To some, holding the 2008 Olympics in Beijing will right wrongs; to others, it is just wrong
BEIJING – Red digits on a countdown clock blink out the days
until the International Olympic Committee chooses which country
will host the 2008 Summer Games.
An enormous scroll unfurled from China’s Great Wall recently
proclaimed “Success to Beijing!” and “We will win!”
At bid committee headquarters, architect Steven Gao showed
off his model of a remade Beijing, from Tiananmen Square and the
Forbidden City, where emperors sipped tea, to sparkling modern
sports facilities.
The 2008 Olympics, Gao said, will be the “continuation of
traditional China culture.”
Many agree with him that China is a likely bet to host the
Games. Commercial sponsors – primarily U.S. corporations – want
access to 1.3 billion Chinese. Olympic movement leaders want to
take the Games to regions such as China, Africa and South America
that haven’t hosted the Olympics. China lost the 2000 Games to
Australia by two votes.
But China remains relatively isolated despite two decades of
economic opening. And just as campaigning in Beijing culminates
with nationalistic public displays, China faces increasing
conflict with the United States over human rights and military
postures that threaten to turn confrontational.
The conflict gives grist for a renewed debate over whether
China deserves to host the Olympics. China’s communist leaders
bristle.
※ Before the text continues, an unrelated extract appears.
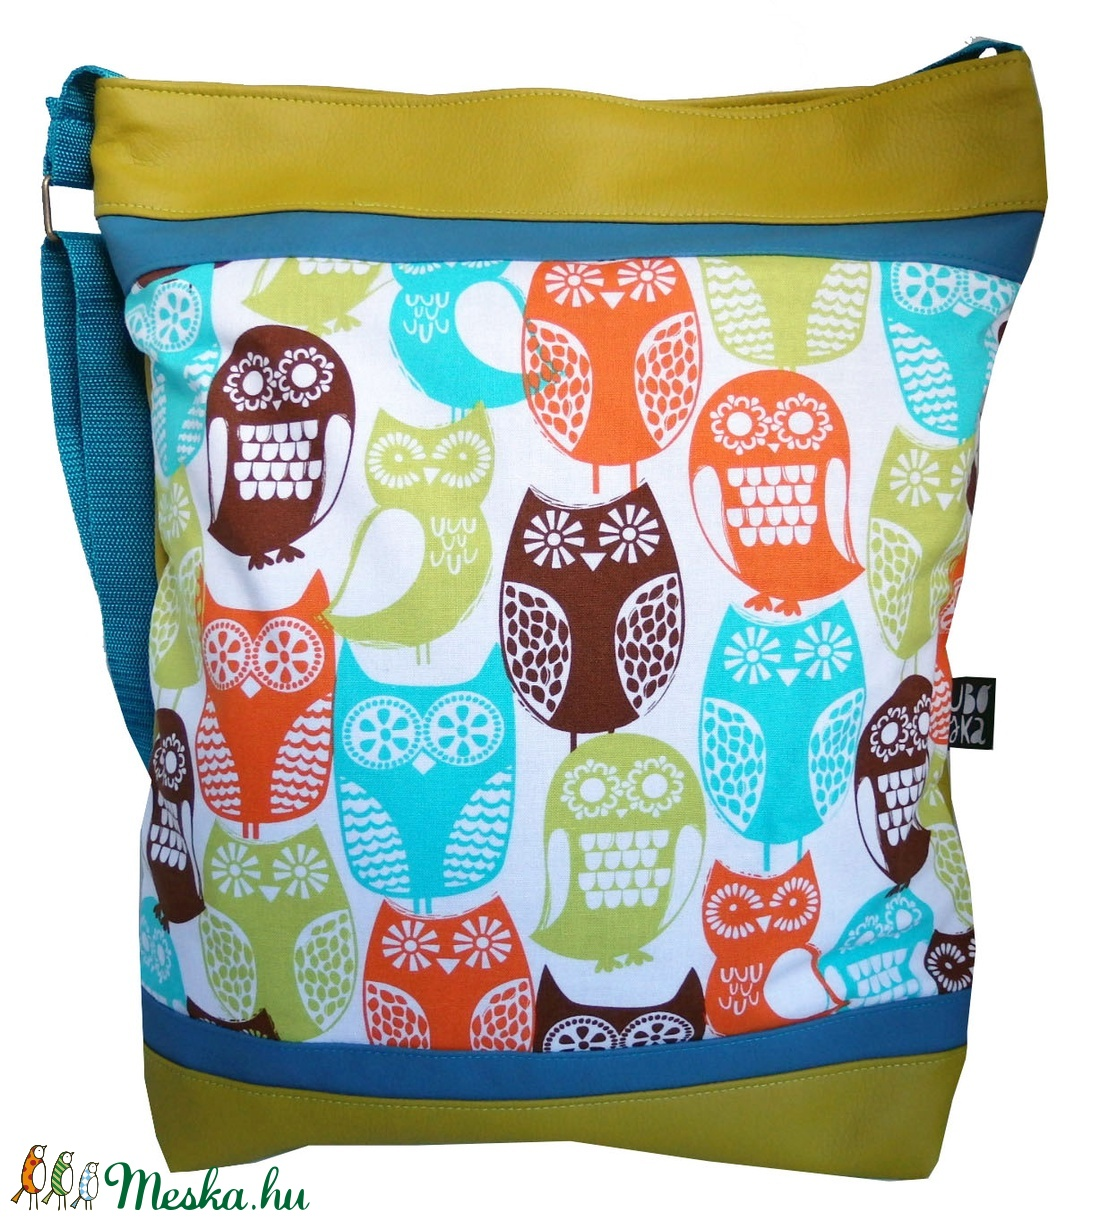 Baglyos designer táska (gubolyka) - Meska.hu a00cb2ef6f

They figured China already has done plenty to win global
acceptance.
New freedoms are allowed here and spreading, said Wang Wei,
secretary general of the Beijing 2008 Olympic Games Bid Committee.
“China people, now we can comment on government affairs.
That’s a change that has taken place,” Wang said.
And the 2008 Olympics would be a “catalyst” for more change,
Wang said, “for human rights as well.” Changes “will not be as
fast,” he said, if China’s bid fails.
Beijing’s success also could help U.S. interests in hosting
the 2012 Olympics, Wang added.
“It will be very hard” for the U.S. to host the 2012 Games if
Toronto hosts the Olympics in ’08, he said. “It’s very important
not to let Toronto have it this time.”
Yet, opposition from some Americans is adamant. That is
especially true after last month’s detention of a U.S. spy plane
crew for 11 days and the continuing clash over returning the plane.
Hosting the Olympics “brings a certain status to a city and a
country,” Gov. Bill Owens said. “I don’t think, given China’s
human rights record, that it would be any more appropriate to have
had the Olympics in Cape Town,” South Africa, under apartheid.
Cleaning up Beijing
On July 13, IOC members will meet in Moscow to select a host
for the 2008 Games. Competing with Beijing are Istanbul, Turkey;
Osaka, Japan; Paris; and Toronto. U.S influence is limited, with
four U.S. members on the 126-person committee. Ballots IOC members
cast in a multiround elimination process are secret. Members from
candidate countries can’t vote.
IOC members this month are to receive technical reports from
committee experts who visited and evaluated candidate cities. The
reports are supposed to focus on site preparations – not politics.
And on that score, China has begun an all-out push including
flashy proposals for beach volleyball and other events to be
conducted at Tiananmen Square, site of China’s massacre of
pro-democracy supporters in 1989.
Consider the $12.2 billion Olympic environmental clean-up
Beijing launched after teaming with a Denver-area company.
Some of the world’s deadliest pollution hangs over Beijing.
Congested masses here hack and wheeze as they move through
the corrosive, gray murk. Breathing 24 hours of the pollution from
factories, coal-fired power plants and thickening traffic is the
equivalent of smoking two packs of cigarettes a day, according to
world health authorities. Beijing is one of several Chinese cities
where, Chinese authorities reported this past decade, air
pollution caused millions of deaths.
China’s government accepted that Beijing’s pollution could
choke the throats – and memories – of visiting IOC technical
experts. So, in 1998, China turned to CH2M Hill.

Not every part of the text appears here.